Kevin non ci pensò due volte. Per quattro anni ha fatto avanti e indietro tutti i giorni da Reggello a Siena – “i miei genitori dovrebbero farli santi e non finirò mai di ringraziarli” – ha preso parte alle selezioni regionali e ad alcune nazionali, sfidato tutti i migliori talenti italiani della sua fascia d'età e avuto a che fare con allenatori di altissimo livello.

“Ci sarebbero da raccontare molte cose – ricorda –, dall'emozione di quando sono entrato per la prima volta al palazzetto, dal vedere tutti i giorni i giocatori di Serie A, ma soprattutto la gioia di quando mi hanno consegnato la prima maglia con quello stemma stampato sopra. Ho avuto l'occasione di far parte di una società che era “la Mecca” del panorama cestistico italiano in quel periodo”.

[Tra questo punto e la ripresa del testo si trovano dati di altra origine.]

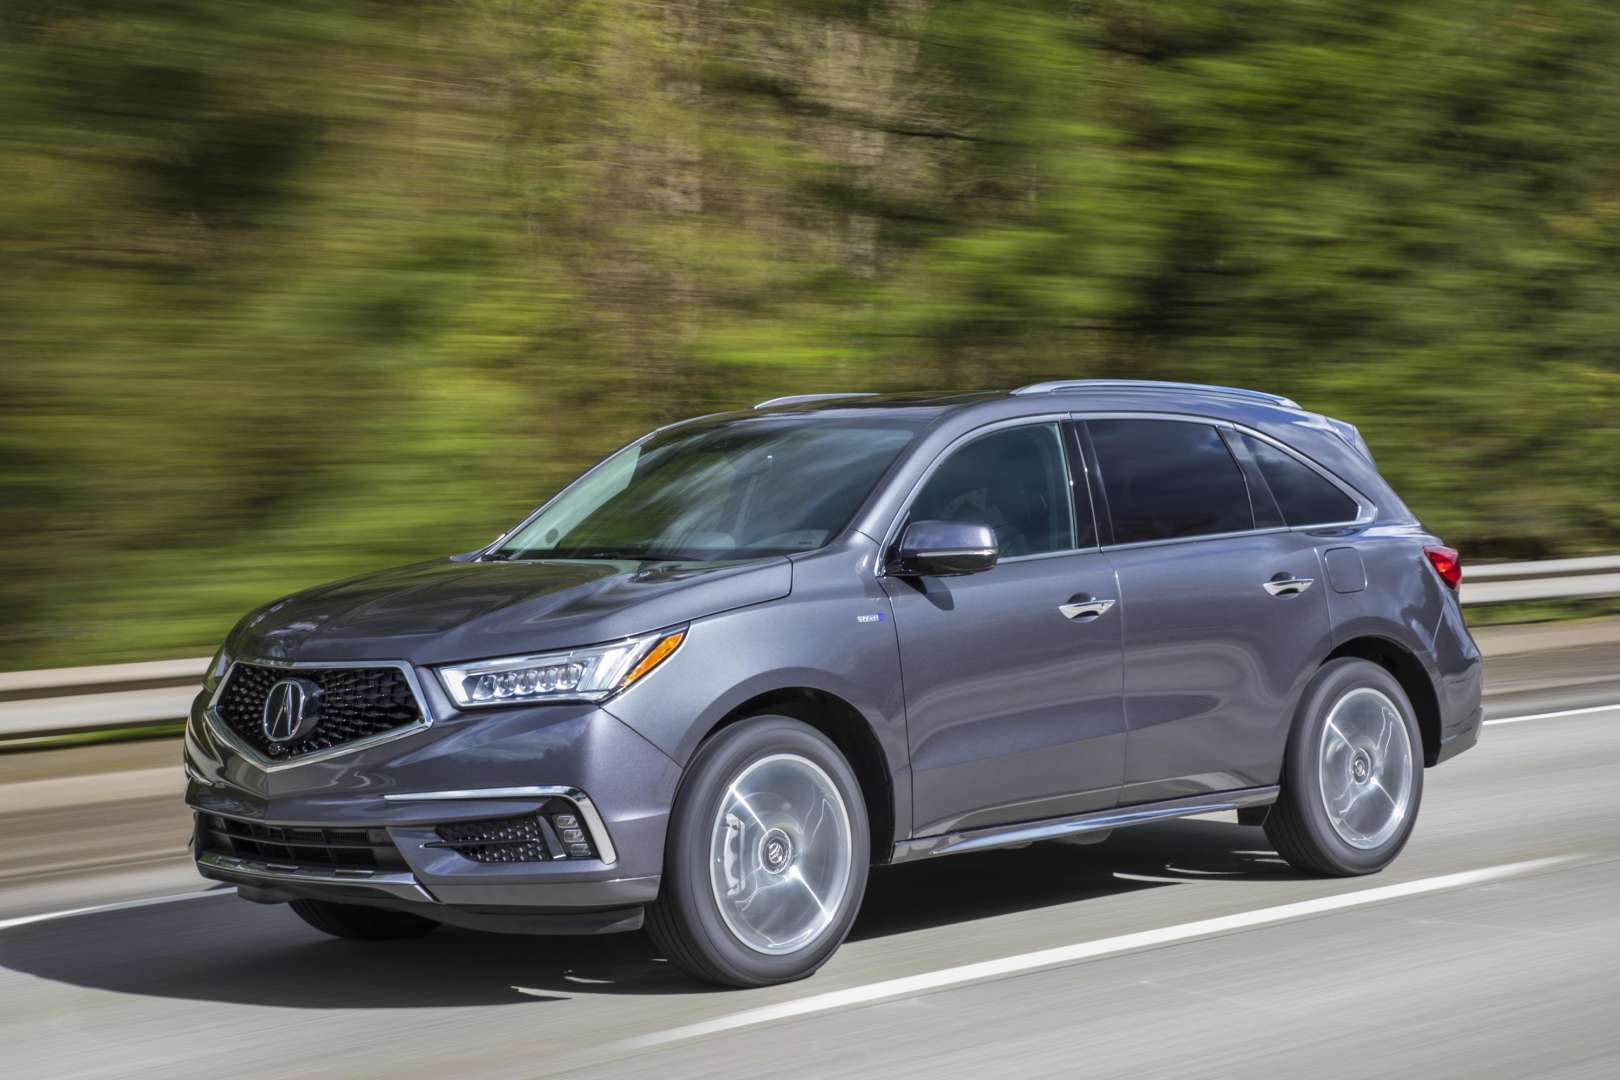 The 2020 Acura MDX remains a great choice for a luxury threerow

Tra gli allenatori della Mens Sana c'era anche Matteo Picardi, che l'anno dopo passò alla guida del settore giovanile di Ostia. E volle Kevin con sé. “In quel momento – racconta – mi trovai di fronte ad un bivio: trasferirmi a Ostia, vivendo quindi li in foresteria e lasciando parenti ed amici a Reggello, oppure continuare a fare avanti e indietro. La scelta è stata abbastanza semplice da fare, anche perché andando a scuola a Firenze finivo per uscire di casa alle 7 del mattino e tornare la sera alle 22. Insomma, ero un po' stufo”.

Tutto va per il meglio sul litorale romano, ma poi, nel dicembre 2013, Bartolozzi si ferma per un dolore al ginocchio. La risonanza magnetica parla chiaro: menisco rotto, ci vogliono l'operazione e un lungo stop. Da poche settimane Kevin è tornato sui parquet romani sia con la sua squadra giovanile, gli Under 19 del Lido di Roma, che con la sua prima squadra senior, l’Alfa Omega Basket, nel torneo di Serie C1 nazionale. È un nuovo inizio, e il tempo gioca dalla sua parte. Ora è il momento di avverare il sogno.